For as much as I loathe the concept of polygamy, it is amazing how many times I hear myself say, "God, I need a wife." I used to joke about it when I was married but now that I am a one woman show - providing for my children emotionally & financially, running a house & earning a living all on my own - I say it with increasing frequency.
My mom and I were talking about the concept of tribes and how, historically, the human race lived in tribes for hundreds of years. Groups of people, friends and family, lived and worked together doing all that needed to be done for the welfare of the group. I'm sure there were drawbacks to that - there are many people in my life that I would vote off of Tribe Island in a heart beat. But in many ways it would be so nice and could work so well. Now we have our little encapsulated nuclear families and sometimes it works and sometimes it doesn't - especially for us single parents.

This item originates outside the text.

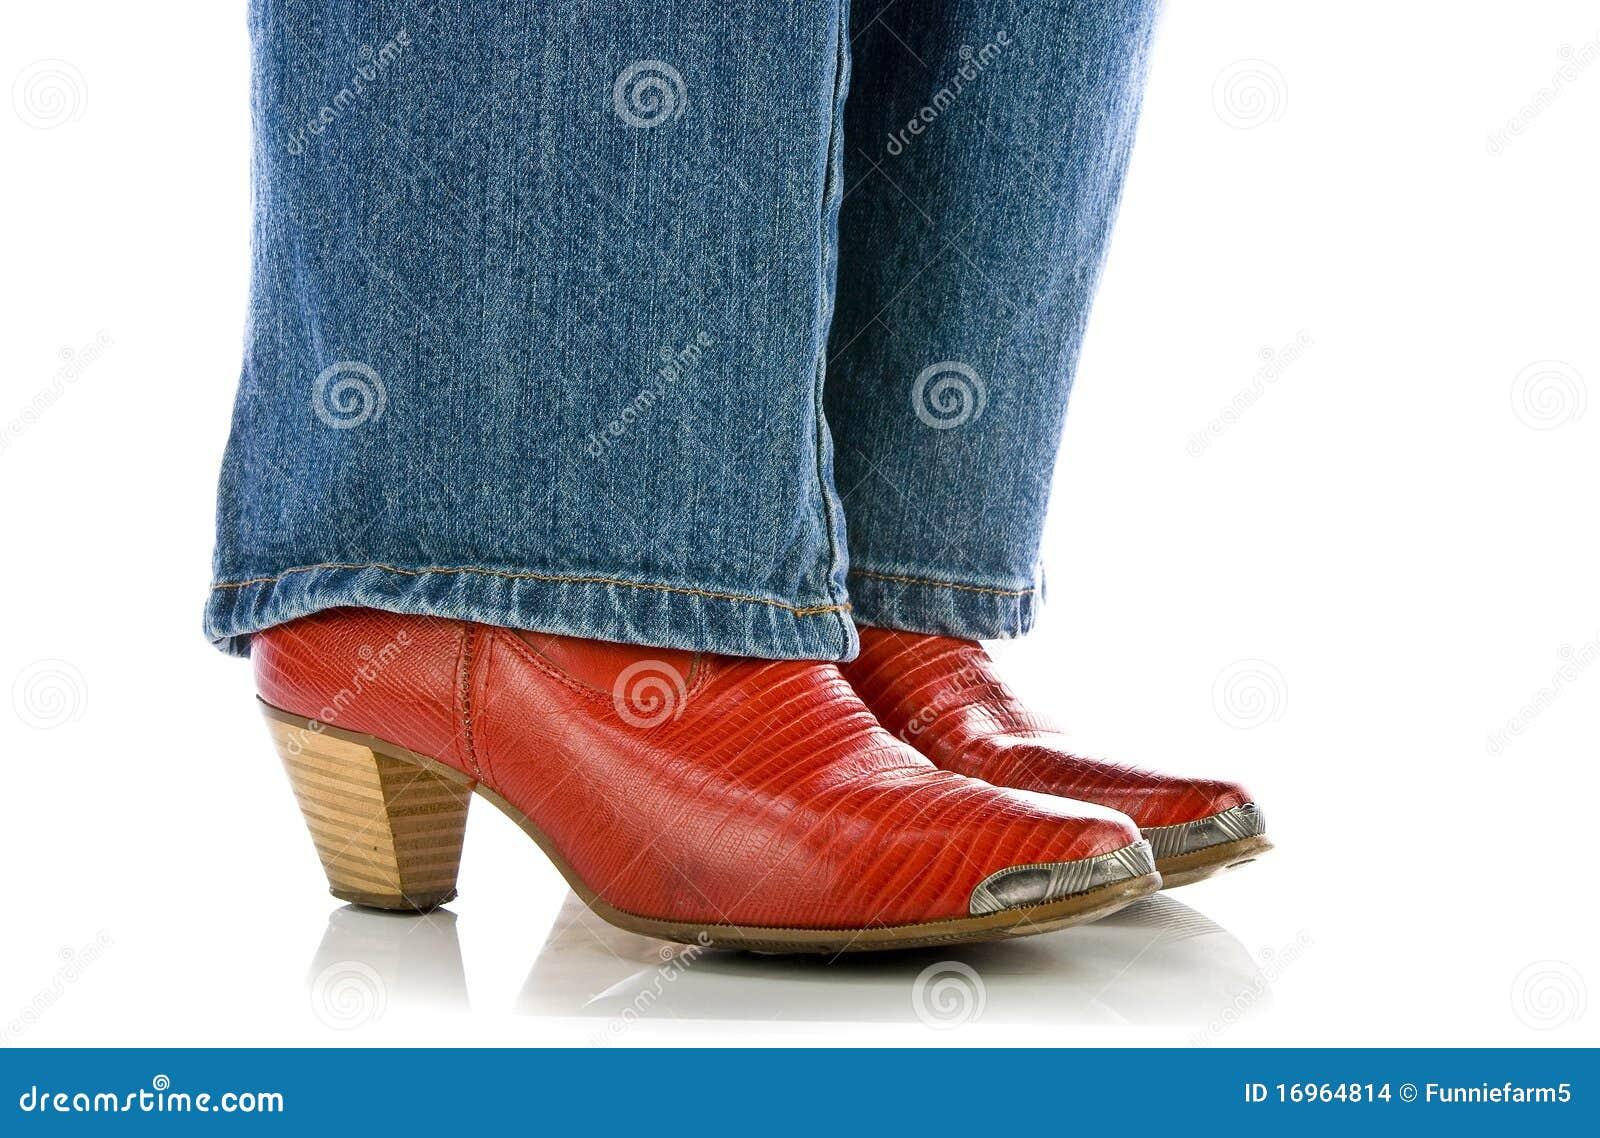 senegal thin isn t considered beautiful skinny women are viewed as

It does take a village to raise a child and to support the family unit. I really don't think that we are made to go it alone - not as families and certainly not as parents. I know that I'm not built to do all that I do alone. I have amazing friends but everyone is busy and swamped in their own lives. And no one really has the tribe mentality these days even though it could make life so much easier, more productive and happier for so many people. I am still not giving up on finding my perfect male counterpart to share life with but, in the meantime, it sure would be nice to have a wife.
Okay, I guess not a wife. I need an assistant. A maid. I need... an Alice. I need the backbone of the Brady's to move into my house and live in her room just off the kitchen. I need her to clean and shop and cook and drive kids around and always be there and give a shit about what happens in our lives every day. Plus, in my home, Alice would also be a masseuse. Ah... a massaging maid. Now we're talking.